* Source material *
_ _ _ _
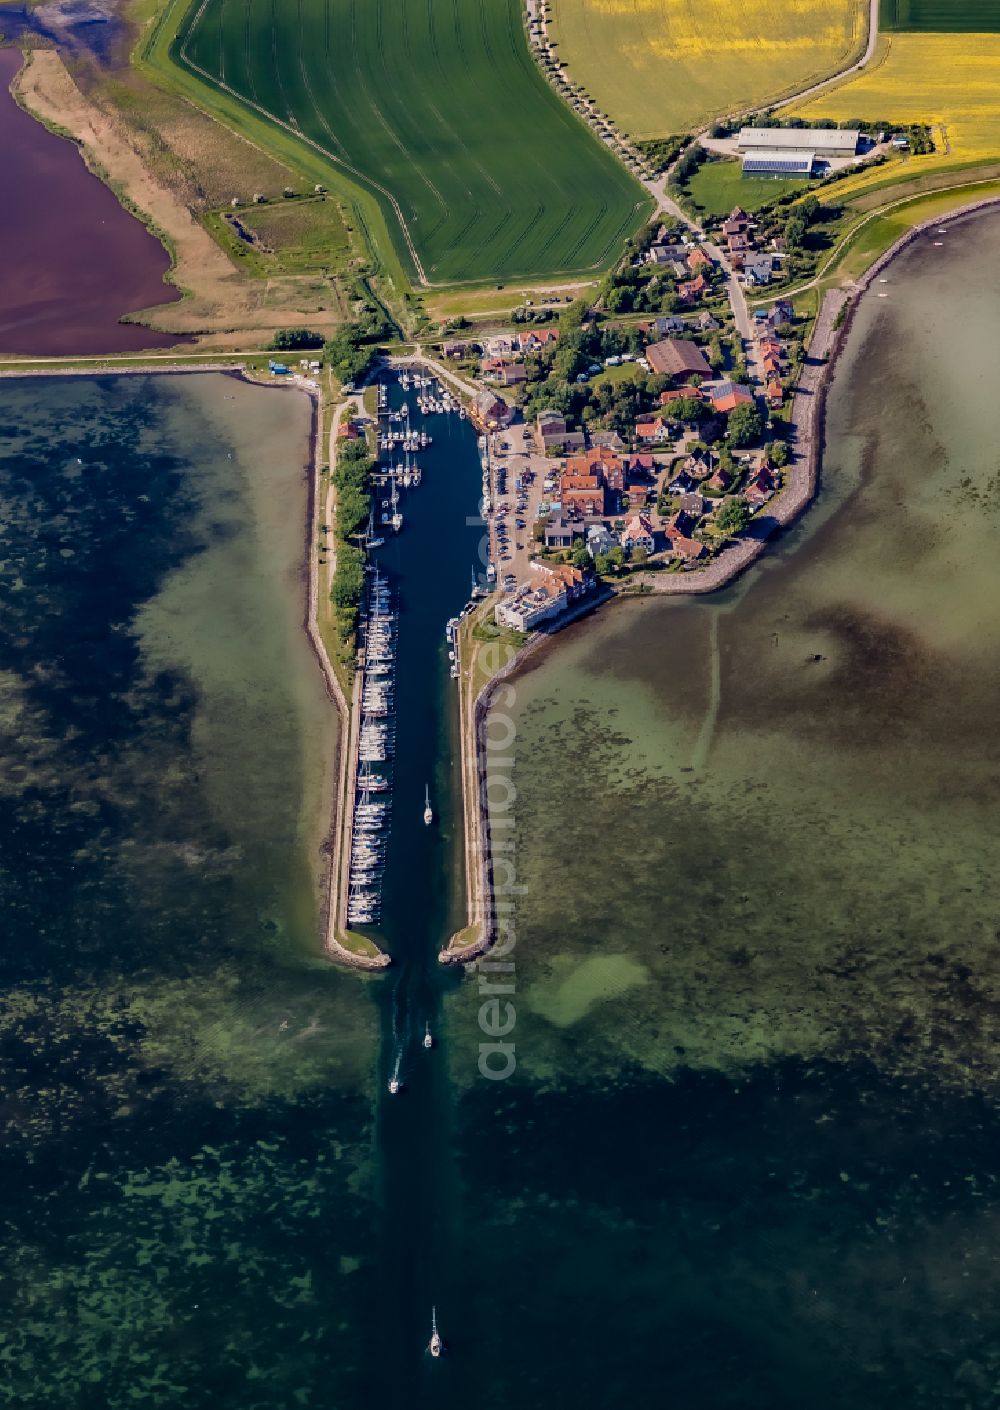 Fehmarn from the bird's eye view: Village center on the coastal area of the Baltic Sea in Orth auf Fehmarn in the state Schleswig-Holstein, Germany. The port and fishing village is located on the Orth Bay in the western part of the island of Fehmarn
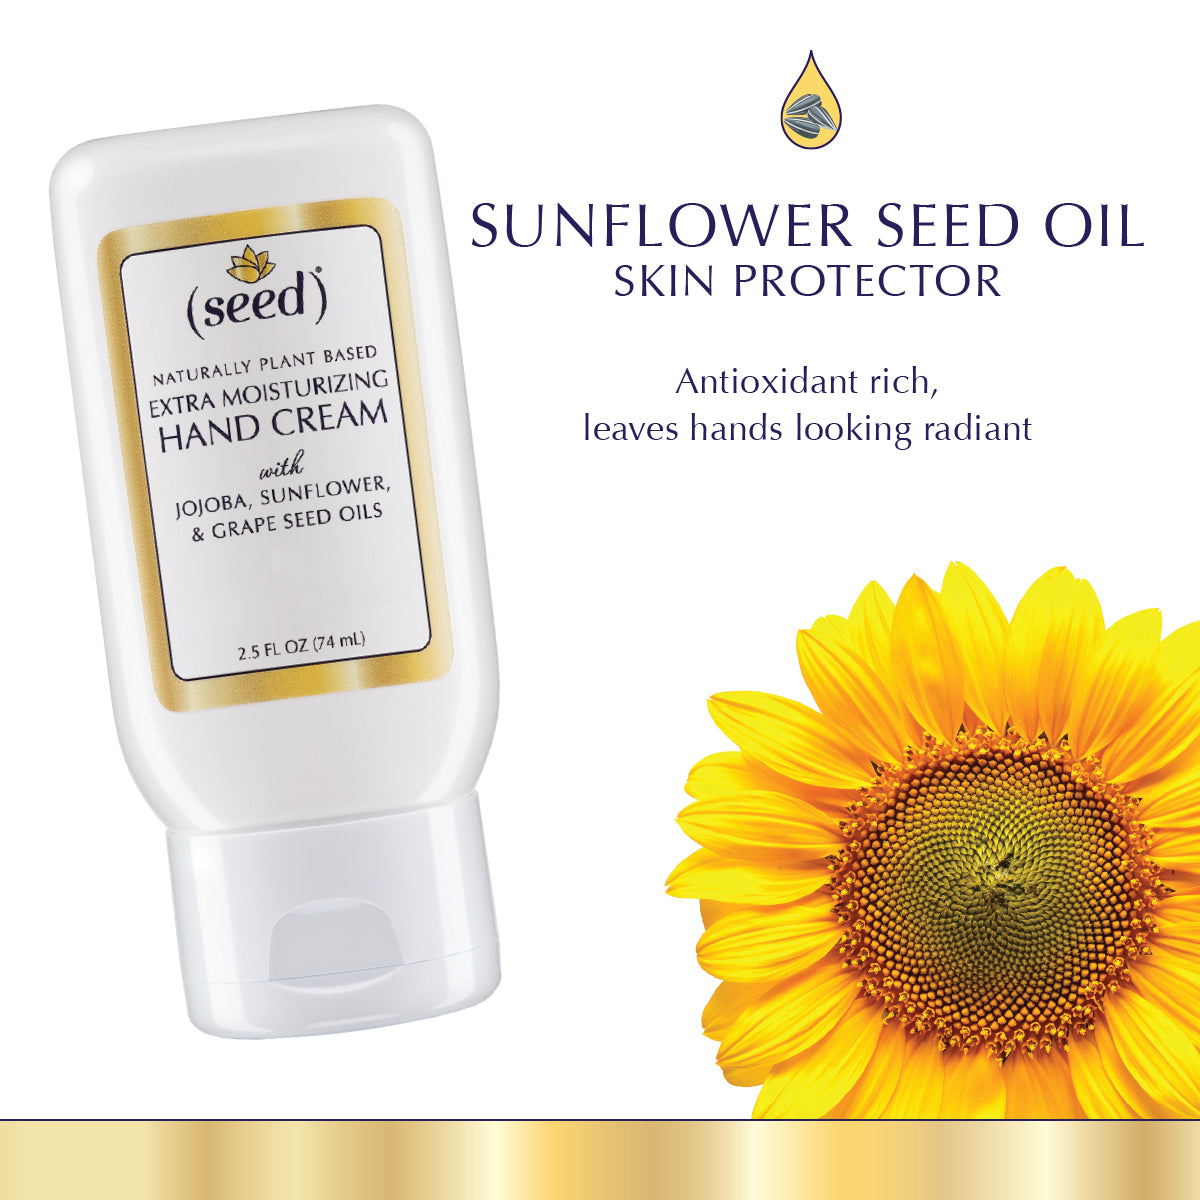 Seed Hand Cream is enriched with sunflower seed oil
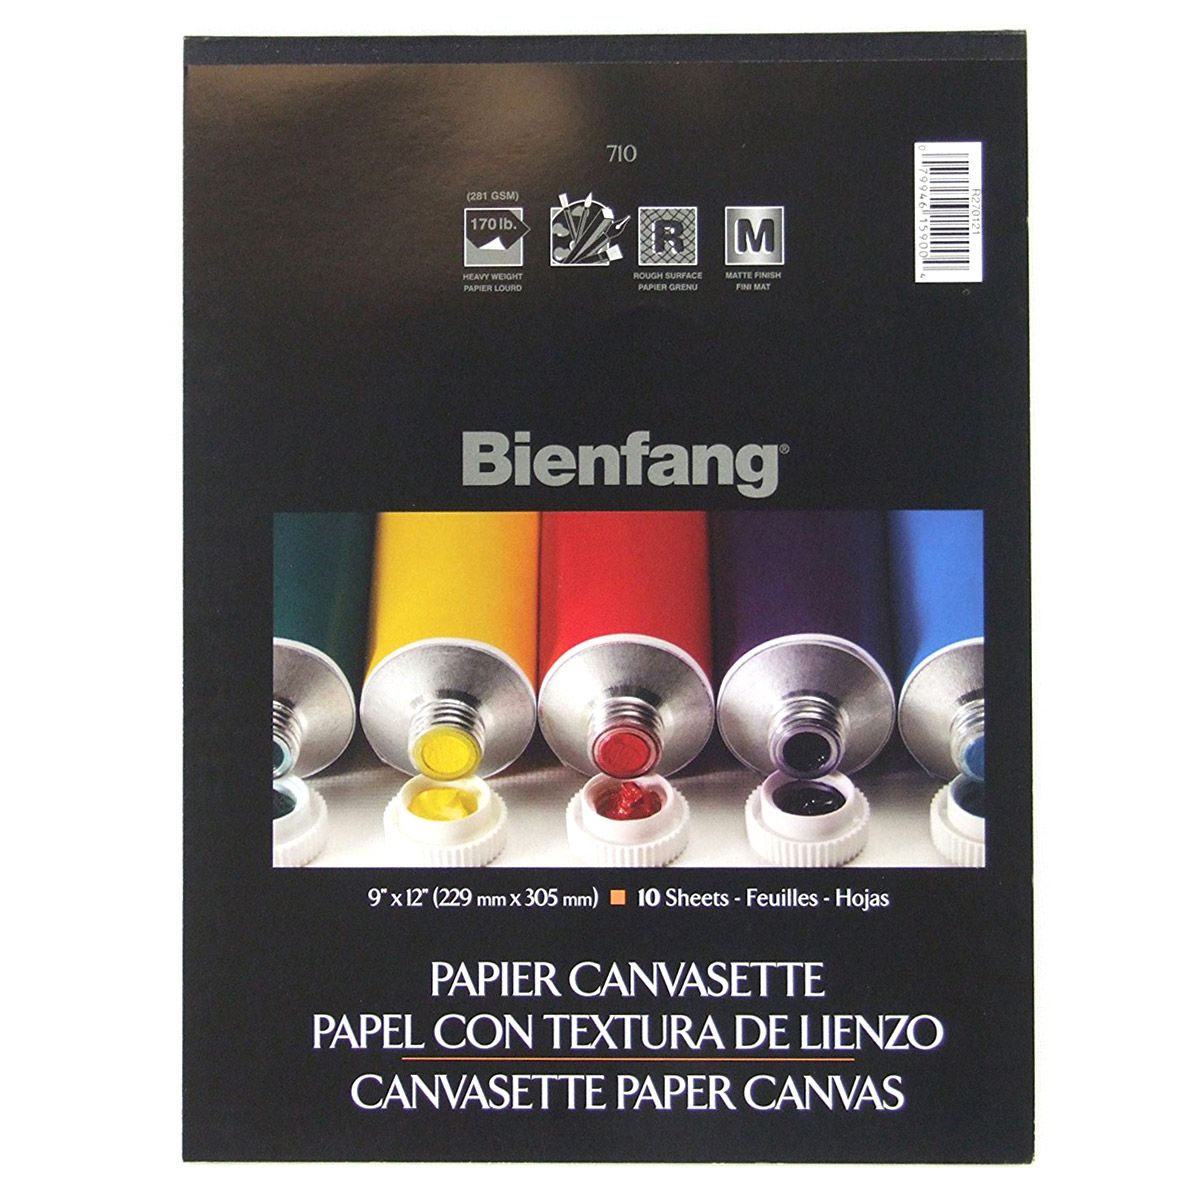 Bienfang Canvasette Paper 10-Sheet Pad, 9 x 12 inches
_ _ _ _
* Action item *
What is needed is an exact copy of the lines from the line with "Seed Hand Cream" to the end of the data above, both included, without any pictures.

* Result for this task *
 Seed Hand Cream is enriched with sunflower seed oil
 Bienfang Canvasette Paper 10-Sheet Pad, 9 x 12 inches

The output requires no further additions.